Support for (optional) ack timeout and nack delay for consumers #67

dionjansen · 2020-12-21T15:37:39Z

Implements: #45 , #46

General comments

I've added a reference to Microsoft.Bcl.AsyncInterfaces to support the IDisposable interface in net5.0. I only had this issue in VSCode for the test and sample projects. This does not influence the tests or running samples on VSC (on mac).
This is still a draft mostly to get the discussion going.
I would like to add some more unit tests though this is a bit hard without a proper mocking framework, would you be open to introducing something like Moq to allow testing classes in a shallow way? Or do you rather have I follow a different unit test strategy?

Discussion

I think we can split up the discussion in 2 parts.

The integration in the rest of the lib: where what is created, started and what is optional, general structure/ logic of the lib
The implementation of the tracker: performance concerns, disposing

@blankensteiner I think firstly I would like to get some thoughts on the current implementation, I mostly focussed now on setting things up so I don't break existing processes:

Integration

Right now I create a IMessageAcksTracker instance in the PulsarClient, though when clients do not have the consumer configured to use the tracking, a dummy InactiveMessageAcksTracker is passed. This instance is passed to the ConsumerChannelFactory and used when a channel is created. Does this setup makes sense to you?
The ConsumerChannel now expects a MessageQueue which wraps the tracker and the AsyncQueue. The channel now informs the tracker through this queue when acking (and later nacking which I can add later) and the dequeue method automatically starts tracking messages received.
When the tracker is started it runs indefinitely I find it hard to find a good place to start this thread, also since I need the consumer to call RedeliverUnacknowledgedMessages. Any ideas on how to improve this pattern? Perhaps a static method like some of the StateMonitor methods.
I wonder how batched messages fit into all this, does a batch have a single message id? And should I be able to just redeliver that message id to release the batch back to the broker?

Implementation

The MessageAcksTracker uses a polling mechanism to re-check for timed out messages (either due to being unacked for too long or the nack delay has been exceeded). Is this (generally) what you were thinking about too? Alternatively I could think of an approach where polling is done through a Timer. Or we could create individual Tasks for each added message to the tracker but I'm concerned of the overhead created by this.
Atm I haven't considered the scenario yet that only a nack delay is configured and not an ack timeout in which case we will not have to track all dequeued messages.

…nd tests

…nsumer channel and factory

blankensteiner · 2020-12-22T13:55:39Z

Hi @dionjansen
Thanks for the PR!
I'll try and answer the best I can :-)

I've added a reference to Microsoft.Bcl.AsyncInterfaces to support the IDisposable interface in net5.0. I only had this issue in VSCode for the test and sample projects. This does not influence the tests or running samples on VSC (on mac).

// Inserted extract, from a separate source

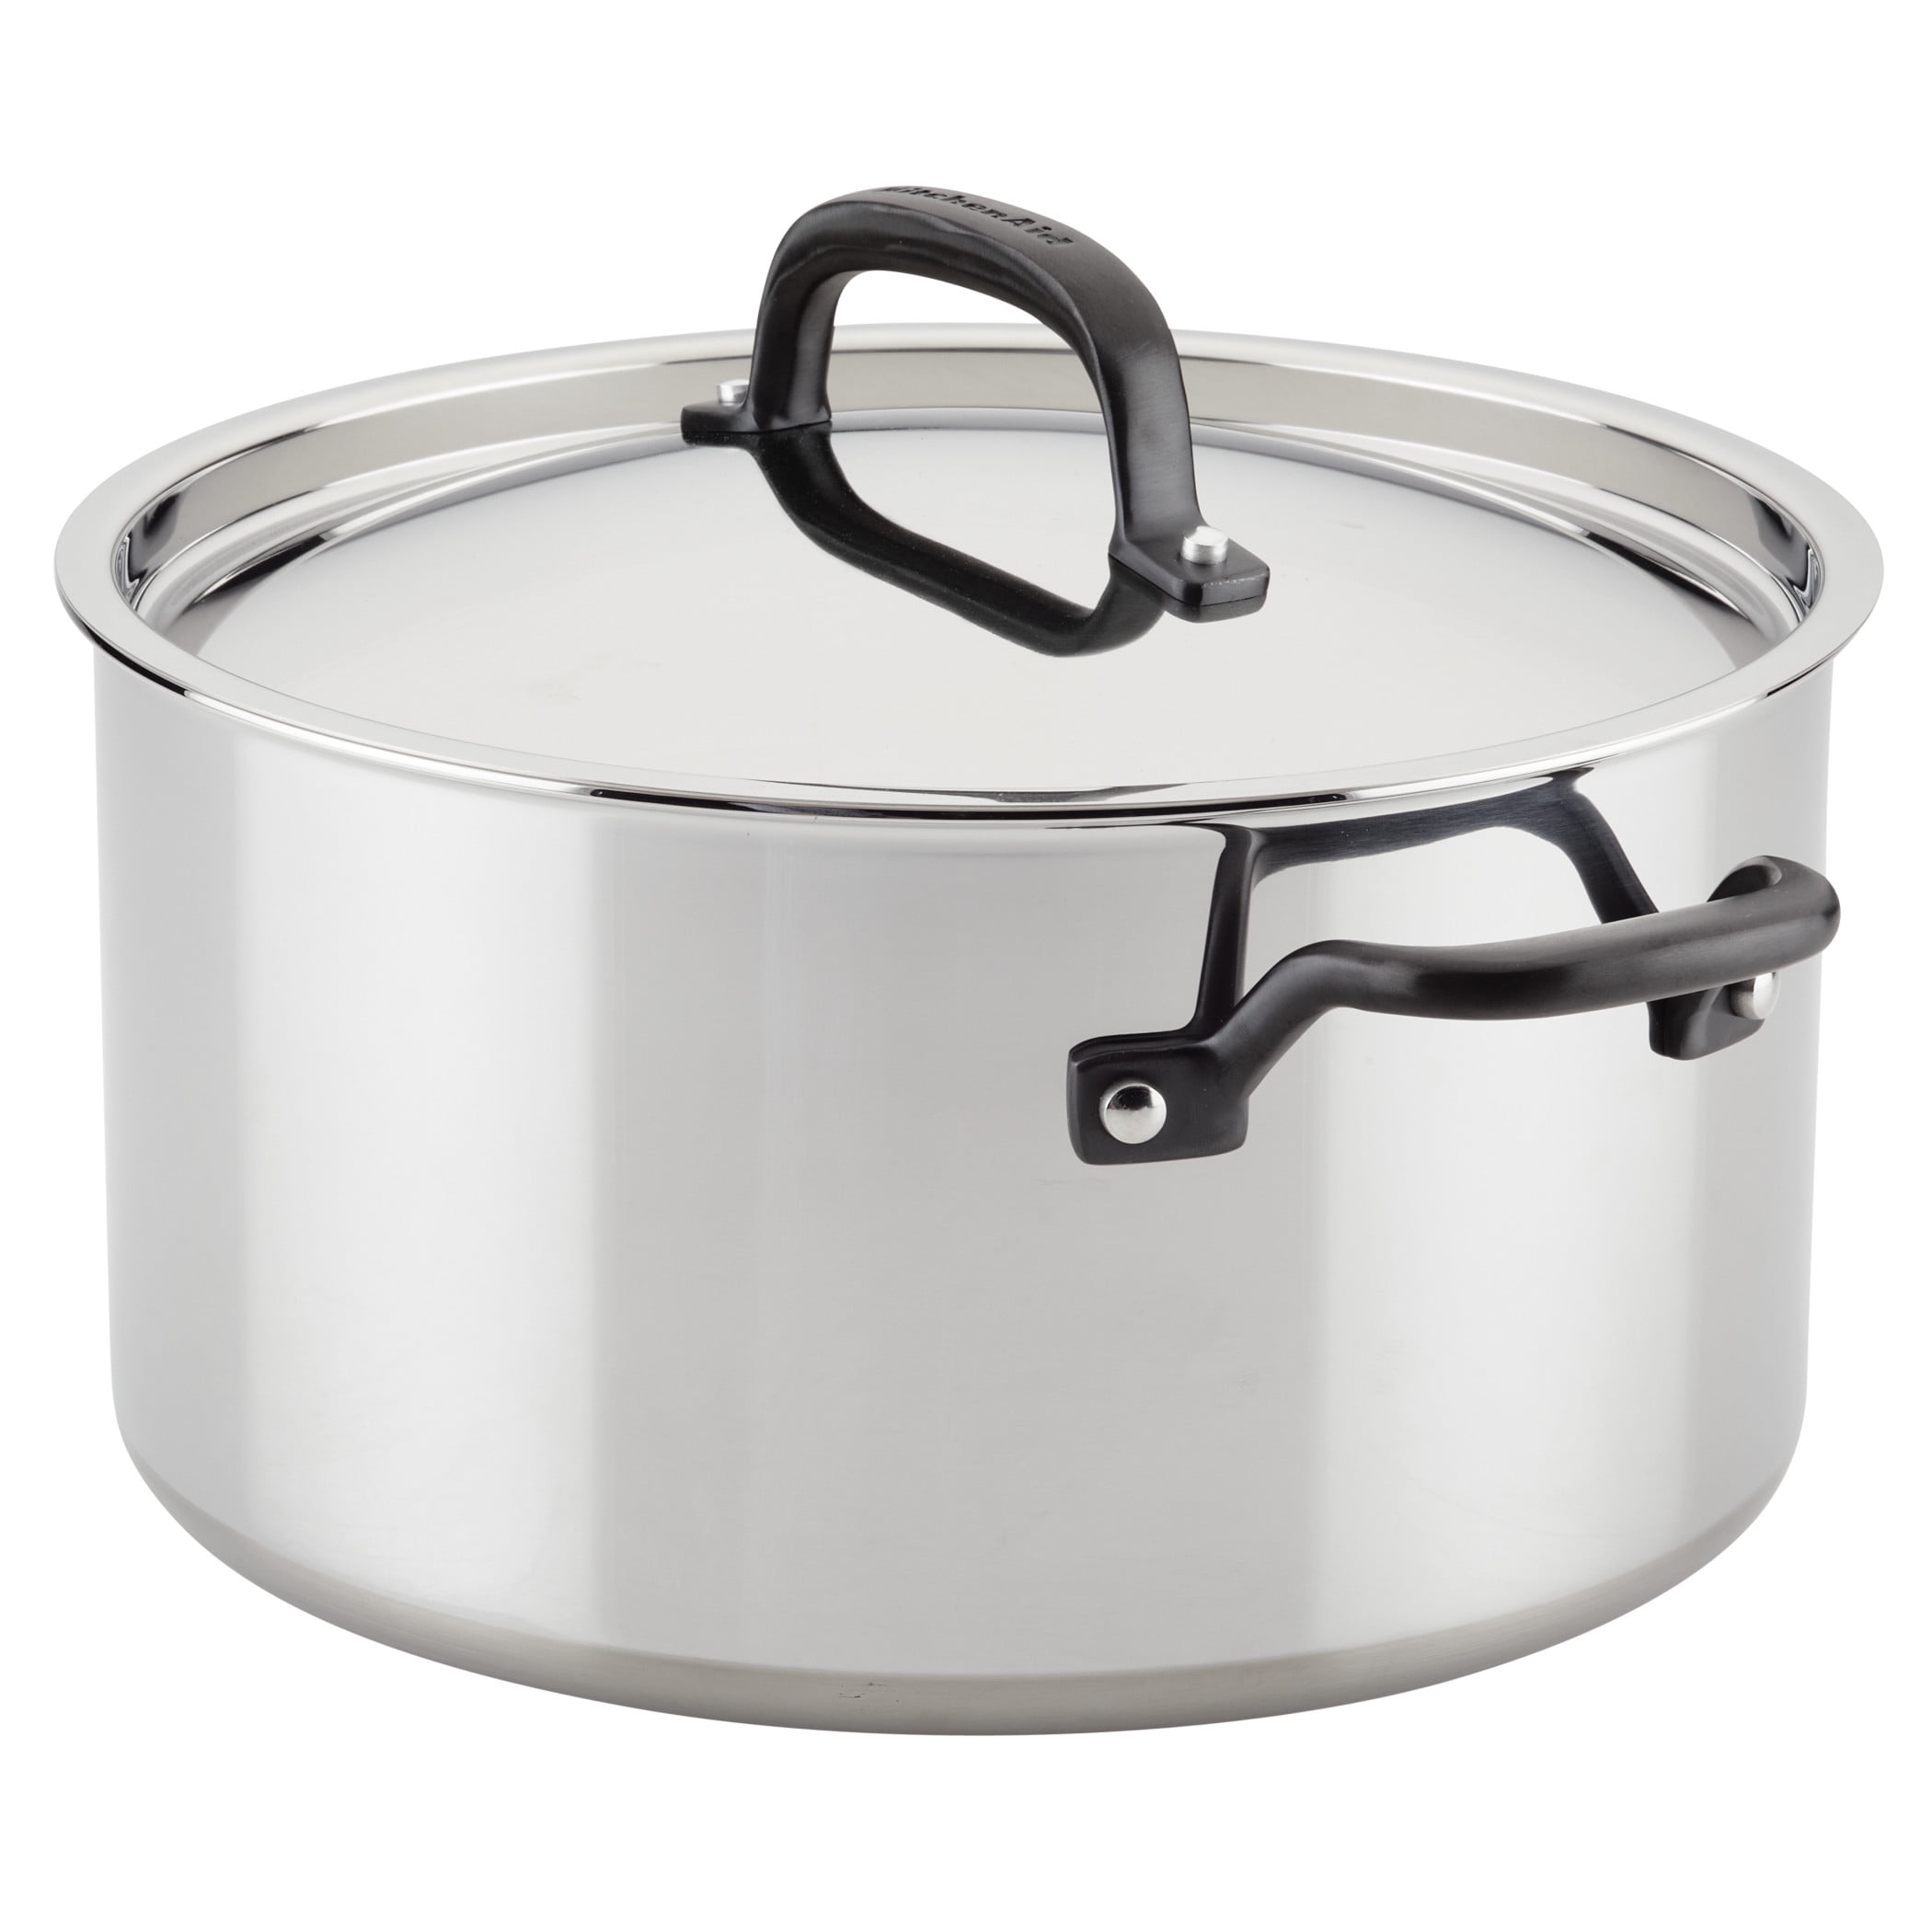 KitchenAid 10-Piece 5-Ply Clad Stainless Steel Cookware Set + Reviews, Crate & Barrel

We have tried adding support for Visual Studio Code before, but sadly it's just not a pleasant road to go down. I have no idea why Microsoft has created two IDE's for C# and doesn't ensure that they behave the same.
Visual Studio Code will create nonsense warnings and require unnecessary changes to the code-base and therefore it's not supported for developing DotPulsar. Visual Studio Community Edition and the commercial offerings and Rider are supported, so you have to use one of those.

I would like to add some more unit tests though this is a bit hard without a proper mocking framework, would you be open to introducing something like Moq to allow testing classes in a shallow way? Or do you rather have I follow a different unit test strategy?

Feel free to add one or more of these (if you need them):

AutoFixture
AutoFixture.AutoNSubstitute
AutoFixture.Xunit2
NSubstitute

Right now I create a IMessageAcksTracker instance in the PulsarClient, though when clients do not have the consumer configured to use the tracking, a dummy InactiveMessageAcksTracker is passed. This instance is passed to the ConsumerChannelFactory and used when a channel is created. Does this setup makes sense to you?

Yes.

When the tracker is started it runs indefinitely I find it hard to find a good place to start this thread, also since I need the consumer to call RedeliverUnacknowledgedMessages. Any ideas on how to improve this pattern? Perhaps a static method like some of the StateMonitor methods.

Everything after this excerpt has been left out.